I admit it would be pretty hard for me to tell while I’m rapidly employed in getting the hell out of dodge. Remember what I said about life and limb? And about guns existing to shoot? I never assume that the gun-owner is using it as a plaything for display. I assume it’s loaded, always. And I’m certainly not going to walk up to somebody who I think is unstable and ask him to hand me his gun so I can check it out.

I know. They’re also generally not waved in the air.

:eek: Holy the f’ng carp. You think this helps?? You want me to picture gun-owners as a bunch of Rambo wannabies who think they’re warriors??

Yeah, your ancestors waved their weapons in the air - right before they went and killed people with those weapons. Shit!
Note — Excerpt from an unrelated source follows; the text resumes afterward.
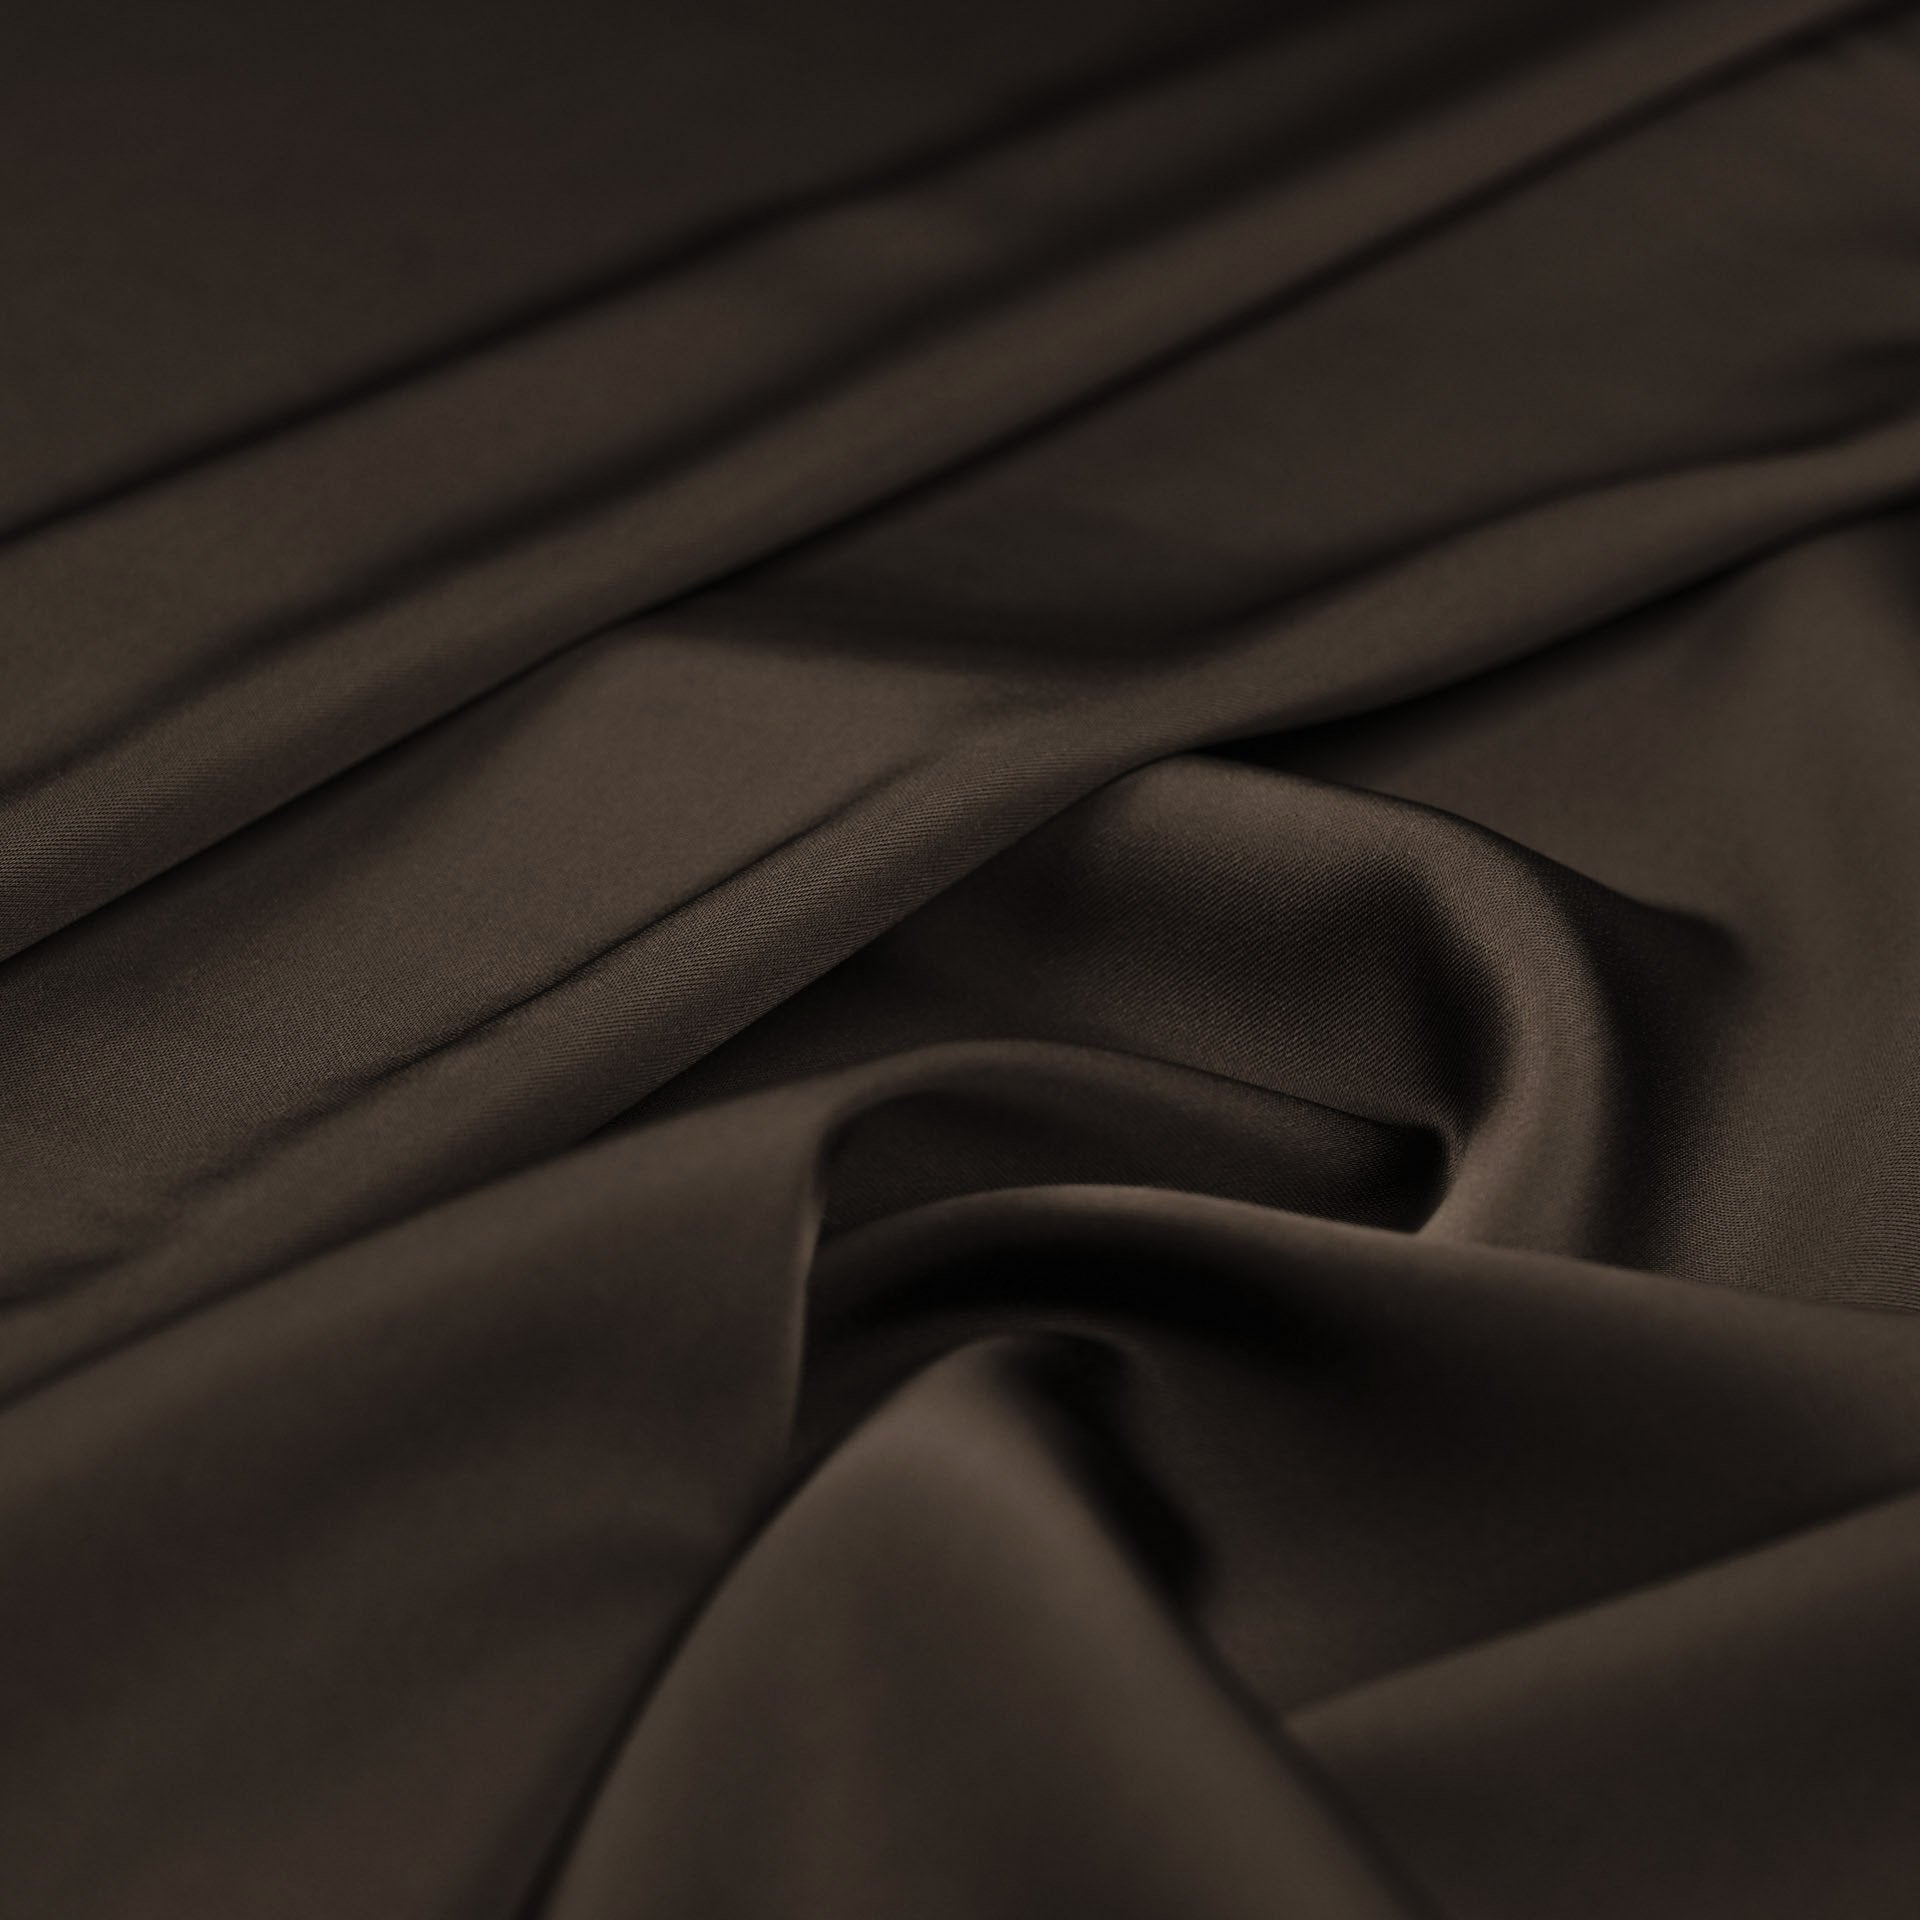 Brown Stretchy Satin Fabric 6649

Yes, that was called Kent State. And we all remember what a bunch of criminals the Black Panthers turned out to be.

Yes, it may be legal to blather like Glenn Beck or Rush Limbaugh, or carry guns to a rally. But that doesn’t make it a good idea. Hitler and the Nazis did both.

Yeah, they did. Because if they hadn’t, they’d have been killed. War works that way.
Other times, they raised weapons to the sky and didn’t go kill anyone. “Weapons to the sky” is sometimes used as a salute, or to indicate approval, or to invoke the blessings of the gods, or as a sign of solidarity, etc.

Uh huh.

Even if I pretend for an instant that an undisciplined mob waving their weapons is more akin to an orderly lineup of uniformed military firing off a salute than the mob of black-hat cowboys that dragged Marty McFly through town, which I don’t pretend, I have this thing about life and limb, which requires me not to assume that the tiger is tame, when it’s got its claws out and is roaring.

What evidence would convince you that your fear is misplaced? I mean, it’s hard to say,“No instances of gun violence at events like this,” because we’re ALREADY at that state of affairs and you still contend your fear has some reasonableness to it.

So what sorts of additional evidence would be needed for you to believe that the actual danger from events like this is negligble?

Are there pictures of the rally with people holding raised arms? Are the peoples’ trigger fingers in the trigger guard or alongside it?
That would answer my questions as to the intellegence of the protesters.